Ali Baba is a Mediterranean food truck whose owner is famous for throwing in an extra falafel ball with your order if he gets to know you. Bui's Lunch truck provides students with the Hangover Special (sausage, eggs, ham and cheese boosted by a generous glop of hot sauce). And Honest Tom's Taco Shop gets traffic with $2 vegetarian and $3.50 meat tacos.
One extra-hot truck at the moment is Gigi and Big R's Caribbean Soul Food truck, winner of Philly's annual Vendy Cup -- a street food award tradition that began in the king of all street food cities, as we'll see on the next page.
New York is the undisputed king of American street-food cities. With everything from bargain bags of roasted nuts to Cambodian peppercorn catfish, this city sizzles with an intoxicating mix of mobile food from around the world. As a testament to its love affair with on-the-move cuisine, New York invented the Vendy Awards in 2005 to honor the best-of-the-best street food vendors.
The cart that was crowned 2010 winner was, fittingly, the King of Falafel (he also won the People's Choice award). His savory stuffed pitas and signature chicken and rice dish is on the menu at 30th Street and Broadway in Astoria, Queens.

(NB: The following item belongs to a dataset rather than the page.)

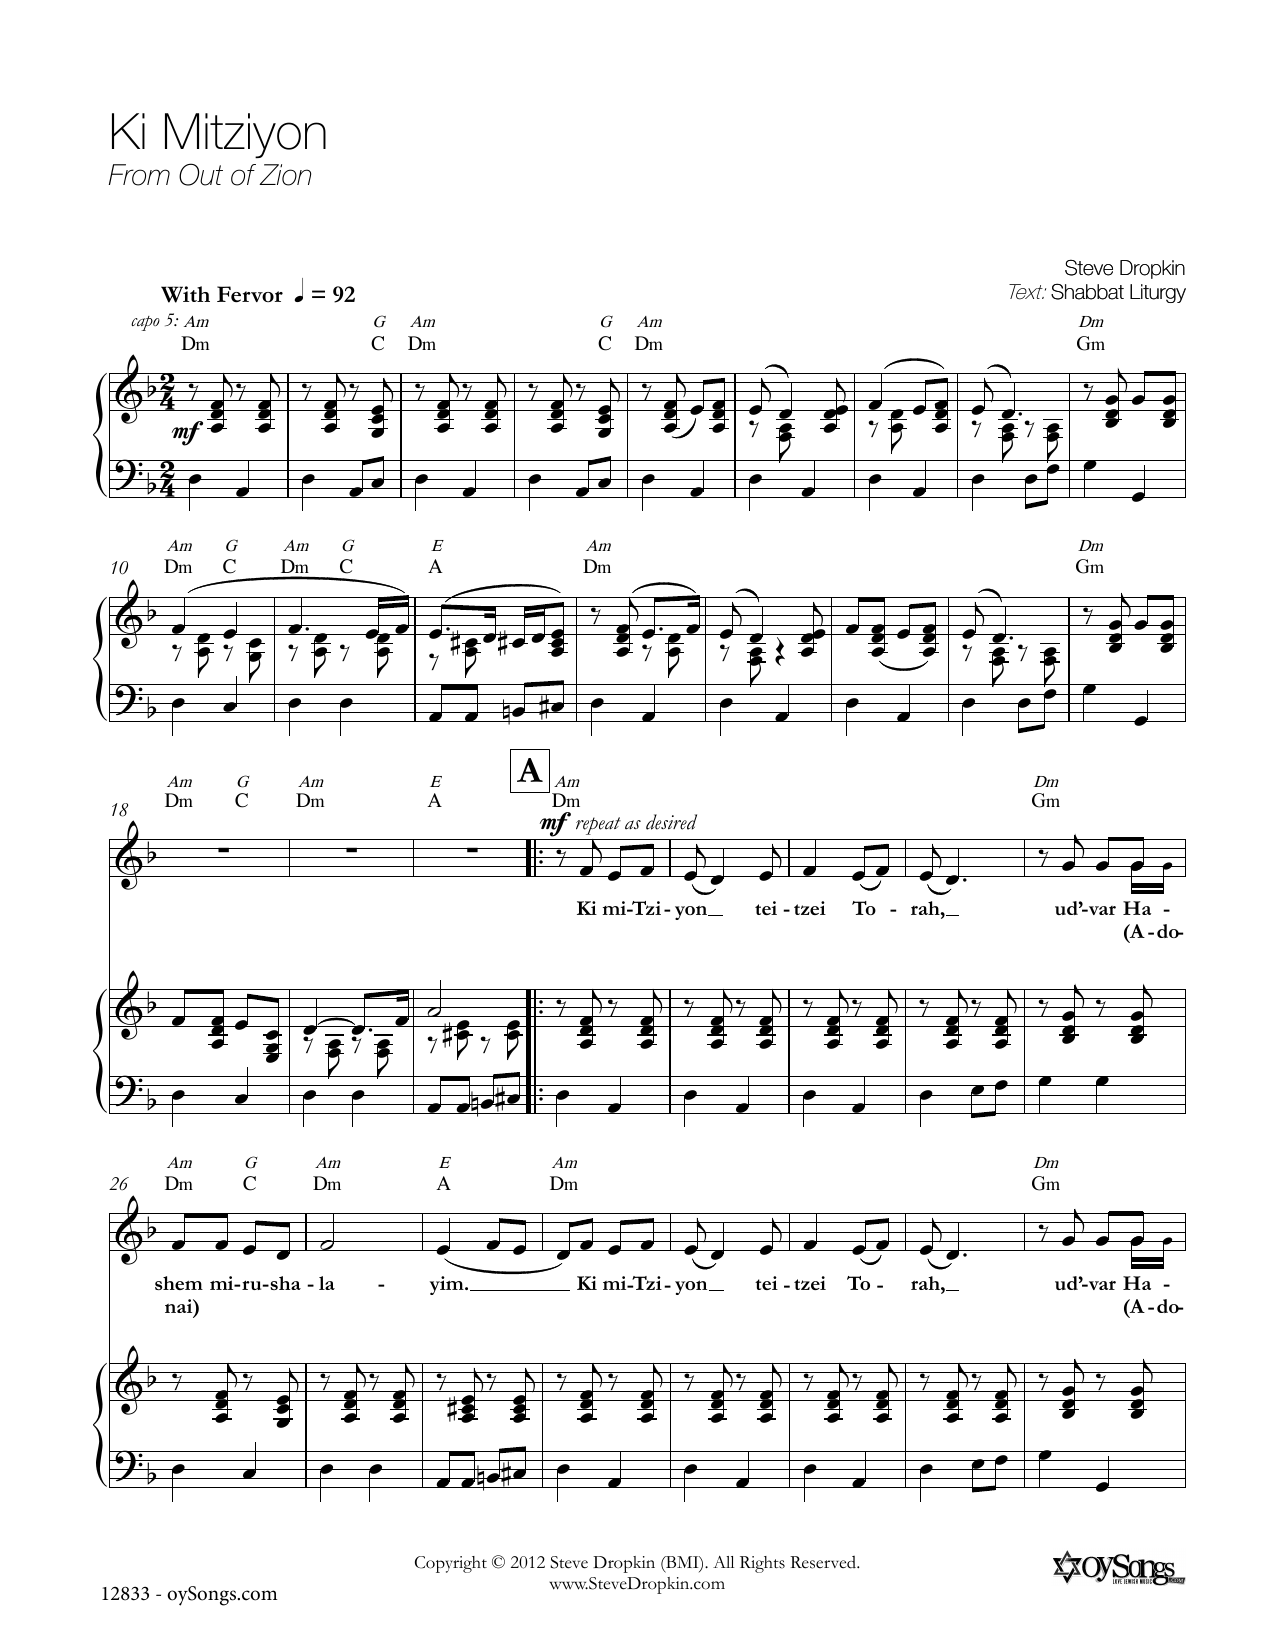 Steve Dropkin Ki Mitziyon Sheet Music Notes & Chords for Melody Line, Lyrics & Chords - Download or Print PDF
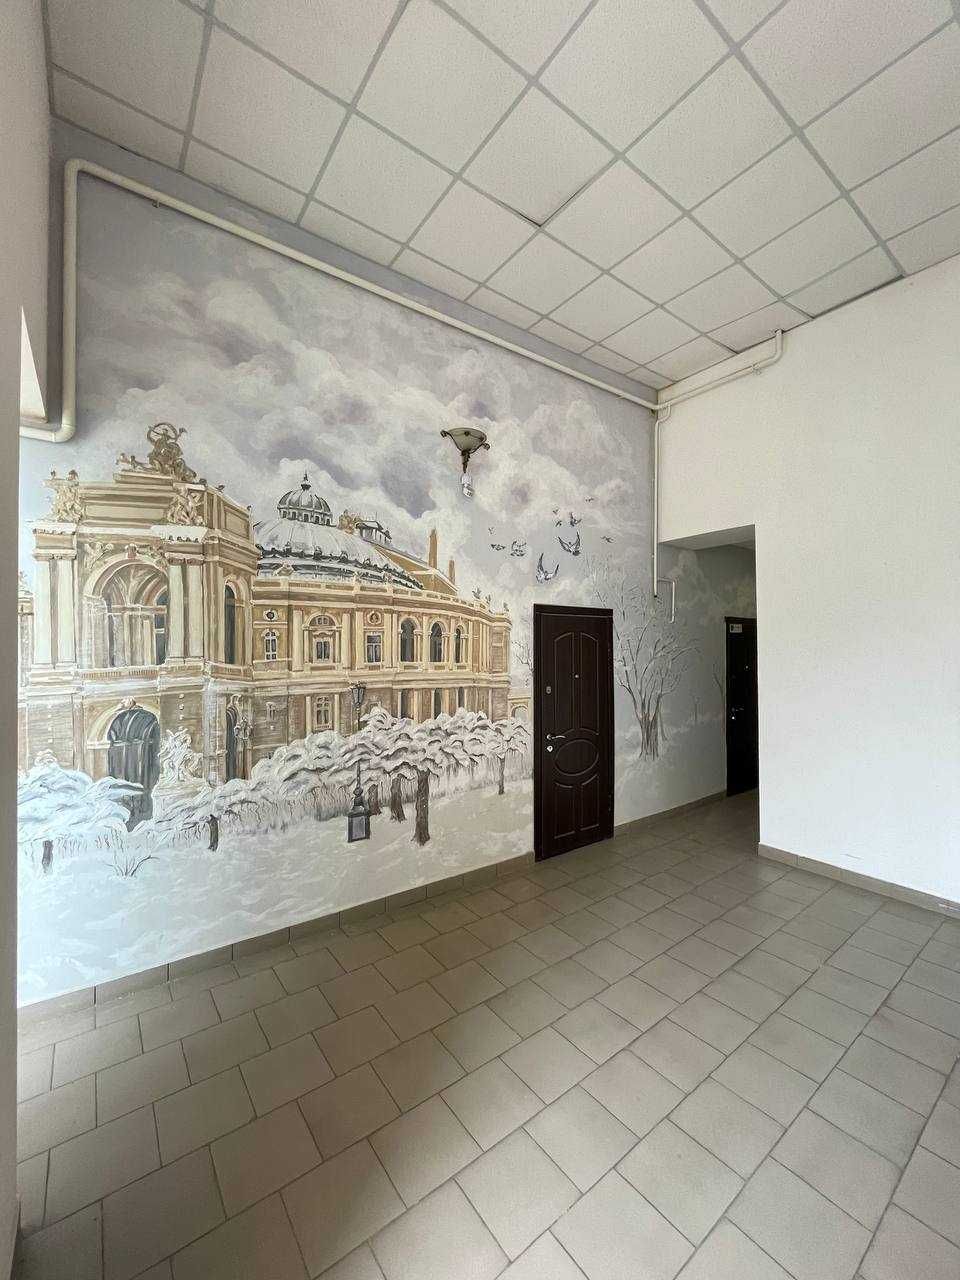 Квартира на ул.Гоголя -памятник архитектуры

With 3,000 food carts working the streets of New York, it's patently unfair to single out just one area or cart worthy of attention [source: New York]. Your best bet would be to spend some time at NewYorkStreetFood.com or to check out the Vendy award site. However, one spot that has had street food cred since 1974 is the Red Hook Ball Field in Brooklyn, where dishes like tacos, ceviche and pupusas fill the soccer field with the irresistible smells of pan-Latin cooking.
The Big Gay Ice Cream Truck has people lining up for soft ice cream creations with names like "Bea Arthur" and "Mermaid." Can you imagine Mr. Softee offering toppings that include olive oil and sea salt, wasabi pea dust, Nutella, Trix cereal, cayenne pepper and key lime curd? Check the Truck's Web site for locations.
Guerilla Ice Cream, a 2010 Vendy runner up, creates unique ice cream flavors inspired by political movements. "Red Corridor," named for an Indian region with militant Maoists, is a chai masala ice cream punched up with a topping of almond slivers and candied fennel.
Still not sure what you want? Just start walking. You're bound to bump into something you like.